Nvidia’s Maxwell architecture was kicked off on the desktop by the release of the GeForce GTX 750 and GTX 750 Ti, and now we’re seeing the first hints of what the new architecture can achieve with the GTX 860M. A series of leaked benchmarks have surfaced on the internet which show off rather impressive performance numbers for Nvidia’s Maxwell over the older Keplar architecture.
From the initial impressions, it would seem we’ll be dealing with a very similarly specced card as the GTX 750 Ti, which bodes well for those wishing to game at 1080P. We’ll be seeing the card with 640 CUDA cores, 40 TMU (Texture Mapping Units) and 16 ROPS. Unfortunately we’re unable to get a reading on what the GPU’s core clock speed is for the GTX 860M as GPU-Z isn’t able to accurately take its reading. The card is running at 1253MHZ for the memory though, or 5012 MHZ effective.
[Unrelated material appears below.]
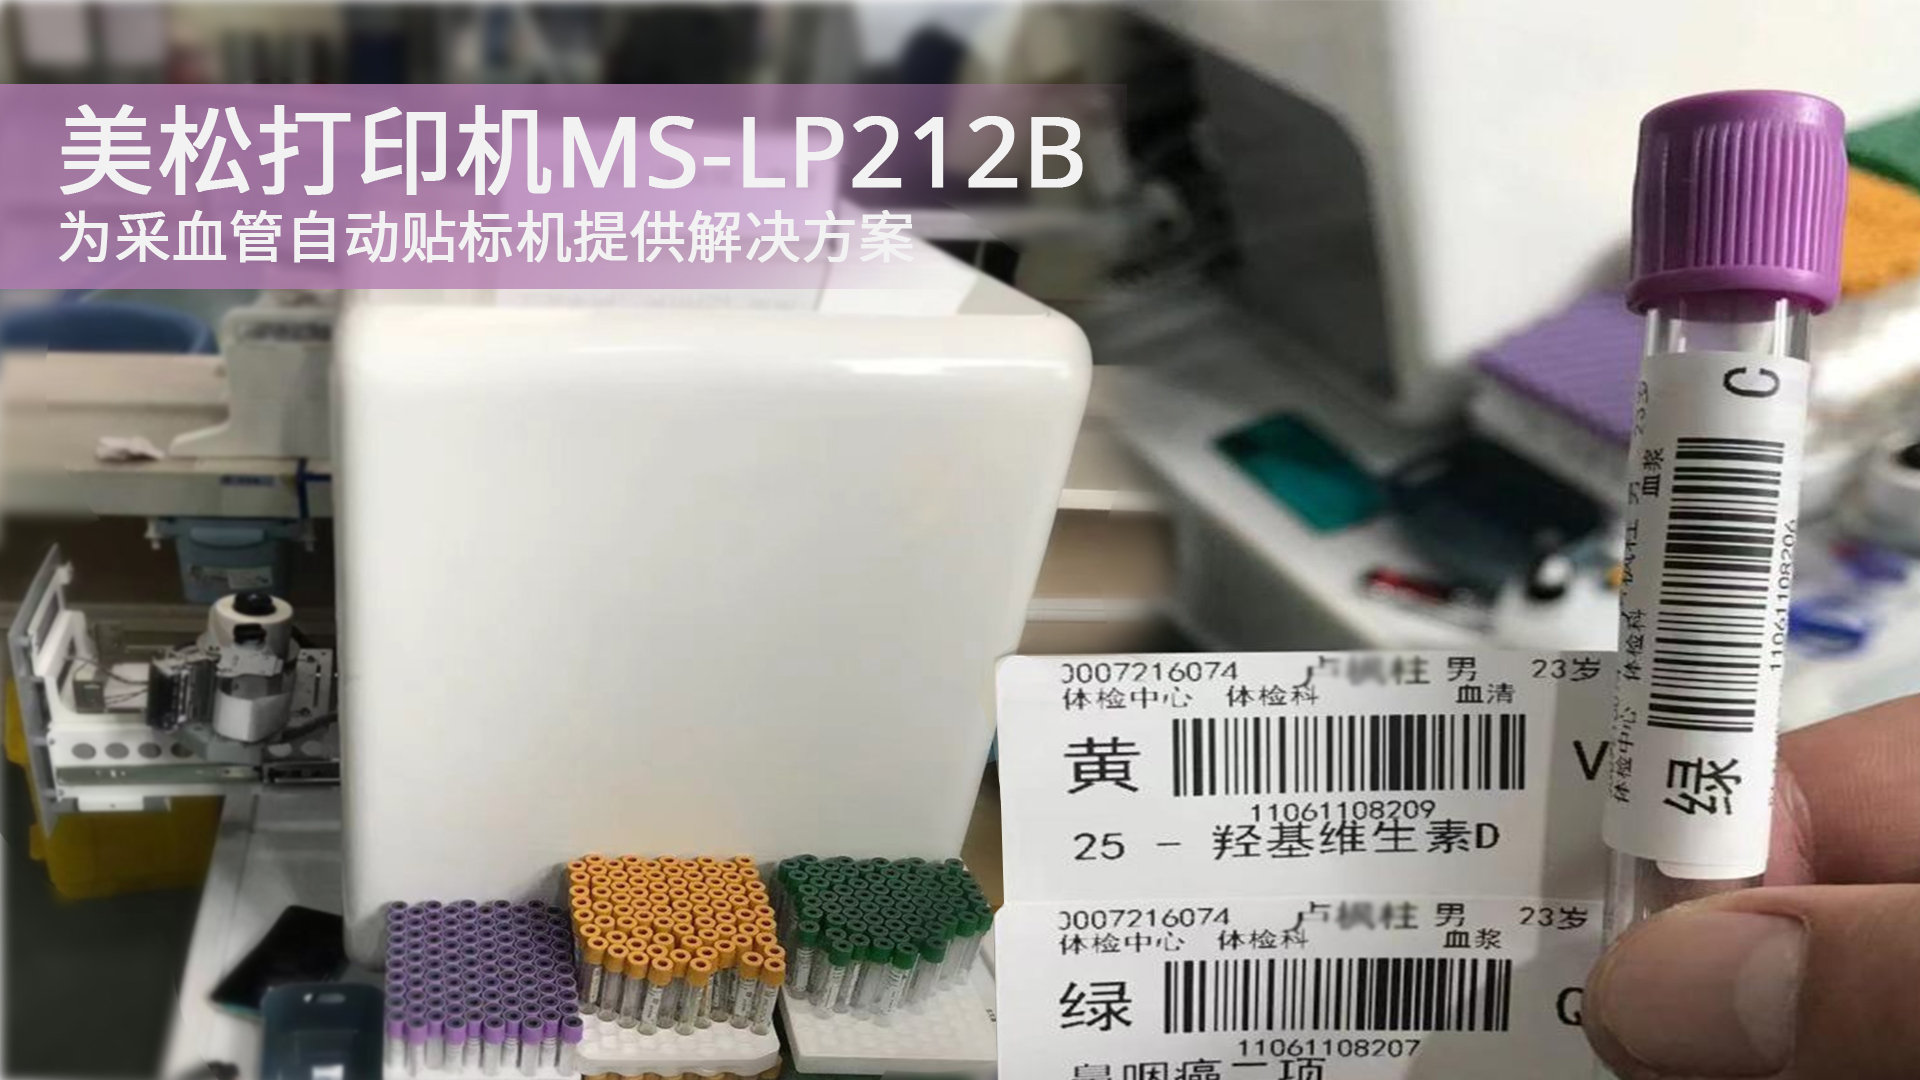 美松打印机MS-LP212B为采血管自动贴标机提供解决方案

5339 is what the GPU is hitting in 3d Mark 2011, which is slightly better than the GTX 770M. On the extreme mode however, performance does dip a little and the card is hitting slightly below the 770M’s performance target. This is possibly due to the narrower bus width (128-bit rather than 192 bit). The GTX 860M only offers 80GB/s memory bandwidth, which is fairly ‘tight’. It’s likely that the 2GB of RAM will be more than sufficient for most games at the 1080P resolution however.
It’s likely (if the desktop’s GTX 750 Ti is anything to go by) that the card will be highly overclockable. Hopefully we’ll see a situation where we can push the memory to a higher frequency. Hitting 90GB/s (requiring around 5500MHZ effective) would certainly help the bottleneck imposed by the tight bus. That’d go somewhat against the power savings offered by Maxwell, when you consider the GTX 860M is only a 45 watt part, compared to the 770M’s 75W.
It makes you wonder what type of performance we’ll be seeing from the Maxwell’s equivalent of the GTX 780 Ti, does it not?